#### PROMPT:
A faithful, complete copy of the entries below is required, with images removed.

━━ THE INPUT

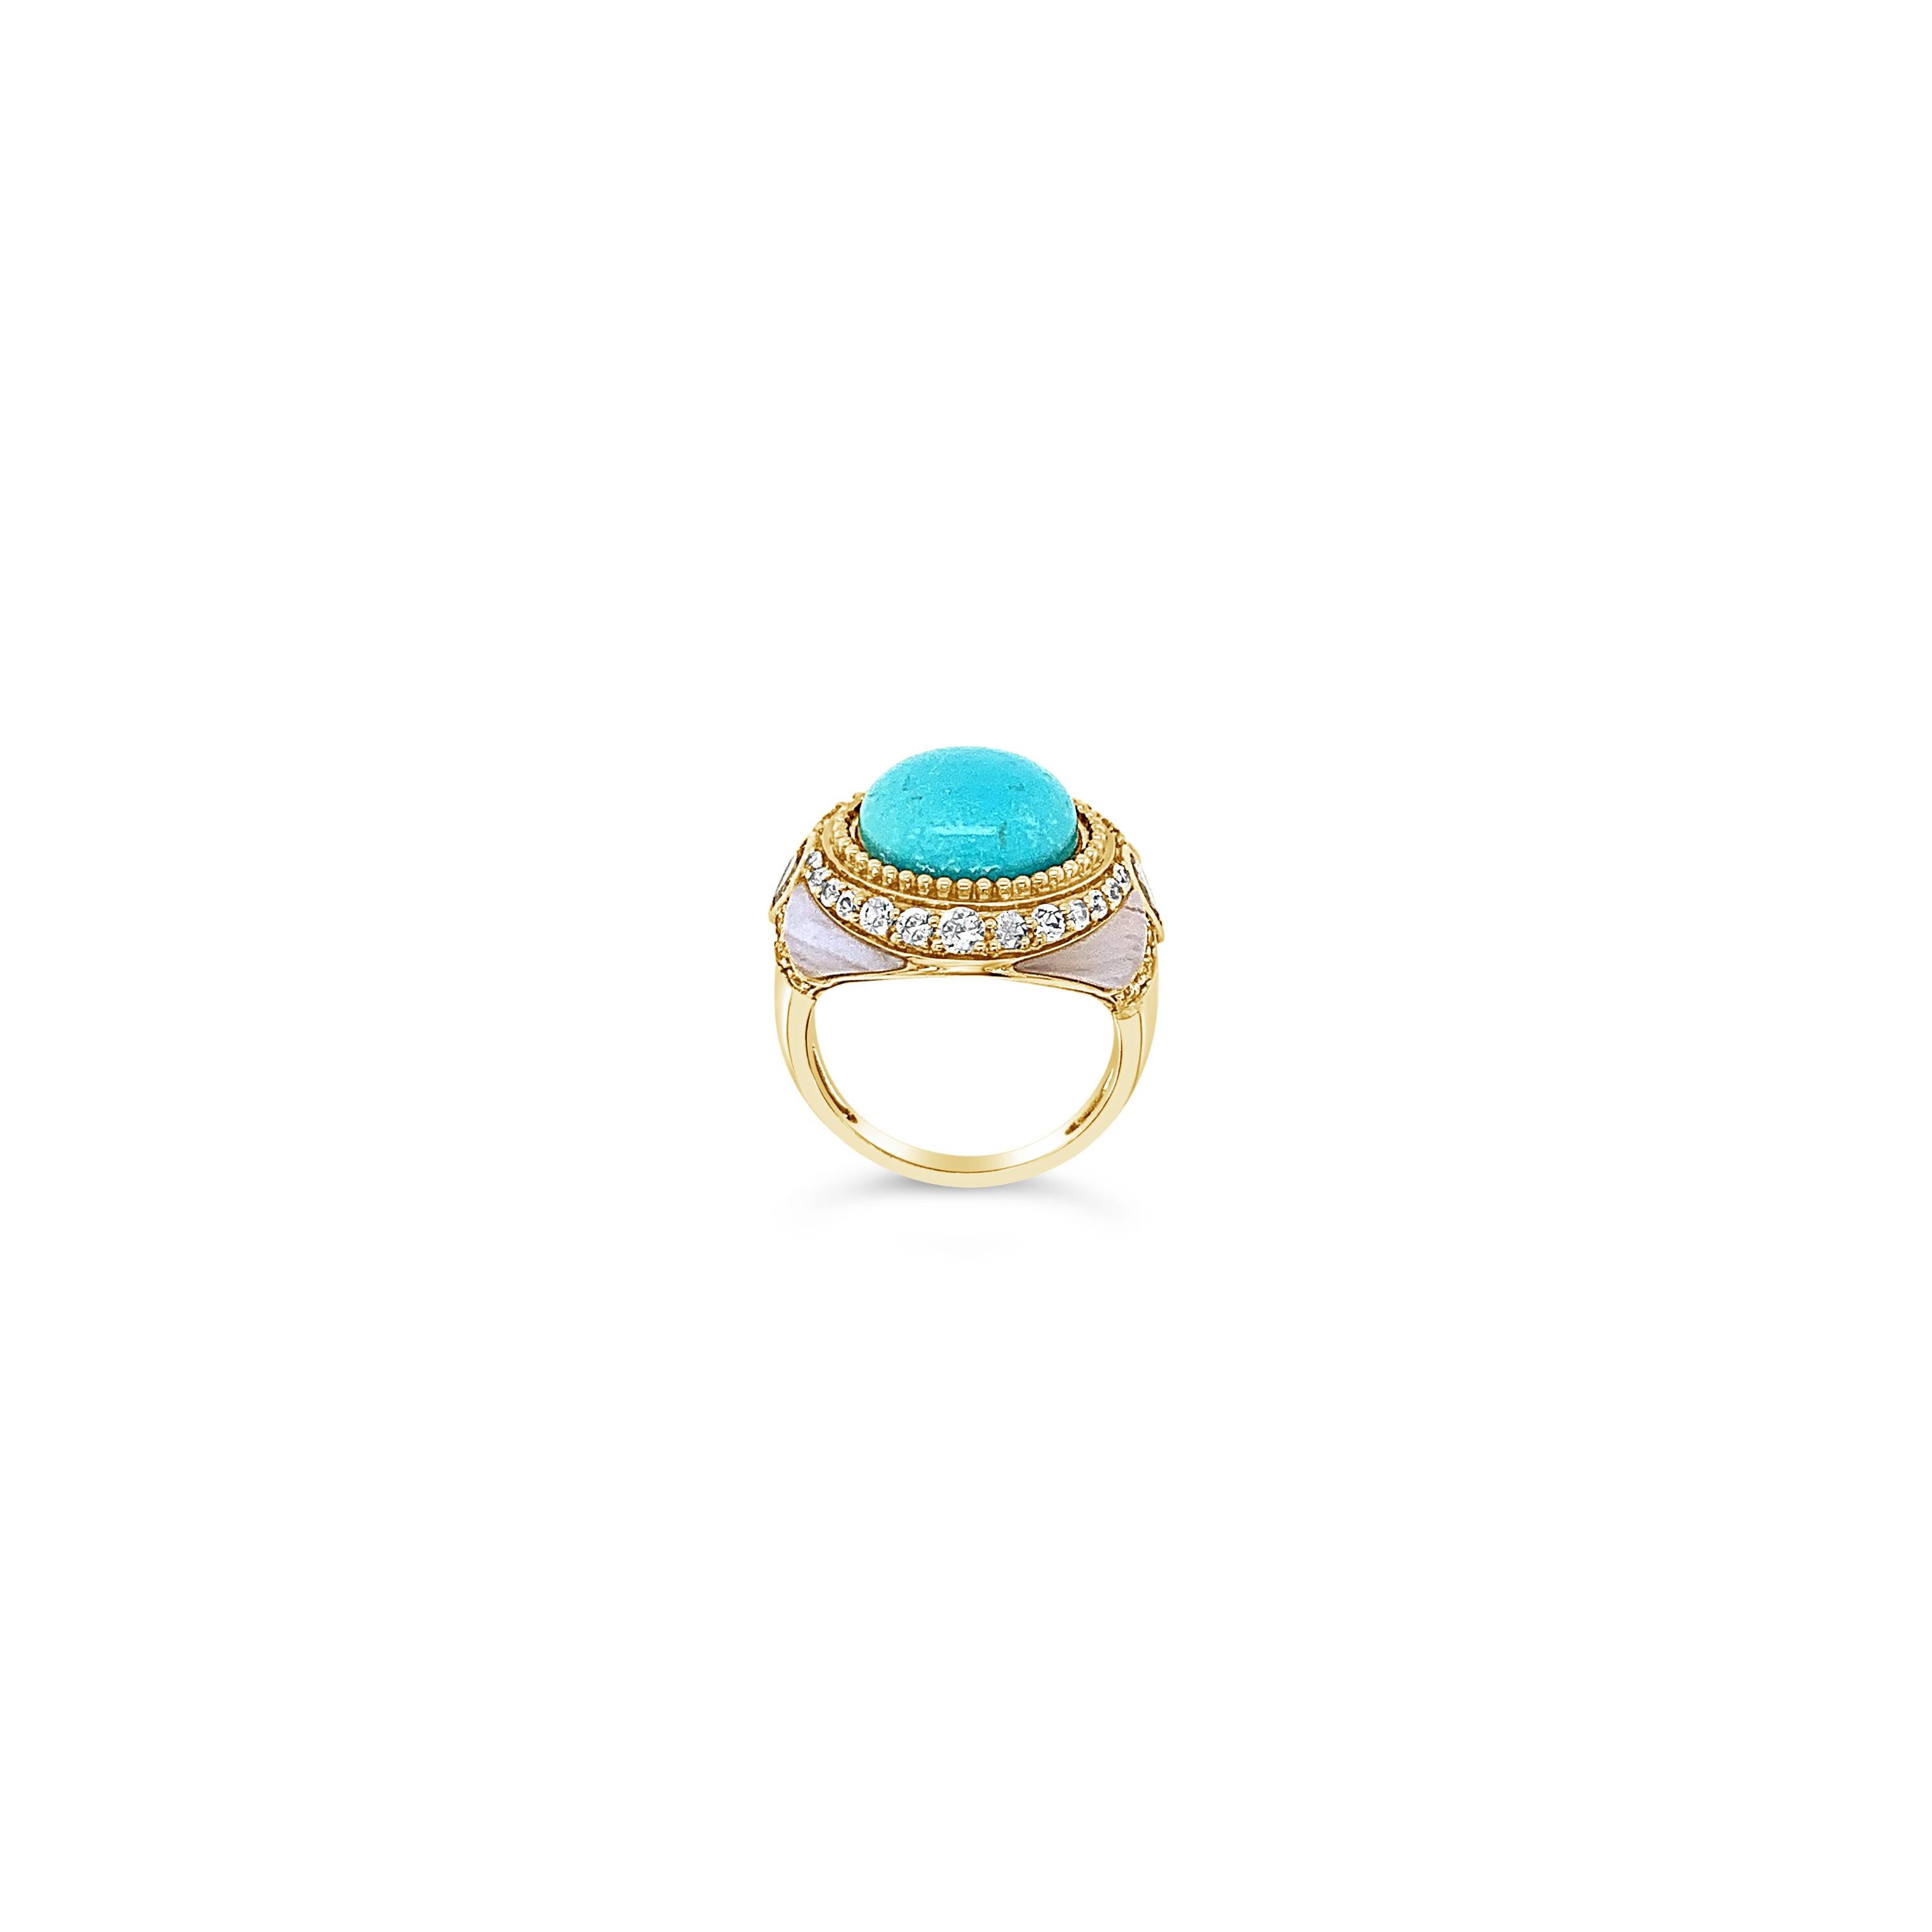 Carlo Viani® Ring featuring 3/8 cts. Blue Topaz, 3/4 cts. White Sapphire, Blue Agate, Robins Egg Blue Turquoise™,  set in 14K Honey Gold™

Diamonds Breakdown:
None

Gems Breakdown:
12mm Turquoise
7x5mm Blue Agate
3/4 cts White Sapphire
3/8 cts Blue

━━━━

#### RESPONSE FOR THIS EXERCISE:
 Carlo Viani® Ring featuring 3/8 cts. Blue Topaz, 3/4 cts. White Sapphire, Blue Agate, Robins Egg Blue Turquoise™,  set in 14K Honey Gold™

Diamonds Breakdown:
None

Gems Breakdown:
12mm Turquoise
7x5mm Blue Agate
3/4 cts White Sapphire
3/8 cts Blue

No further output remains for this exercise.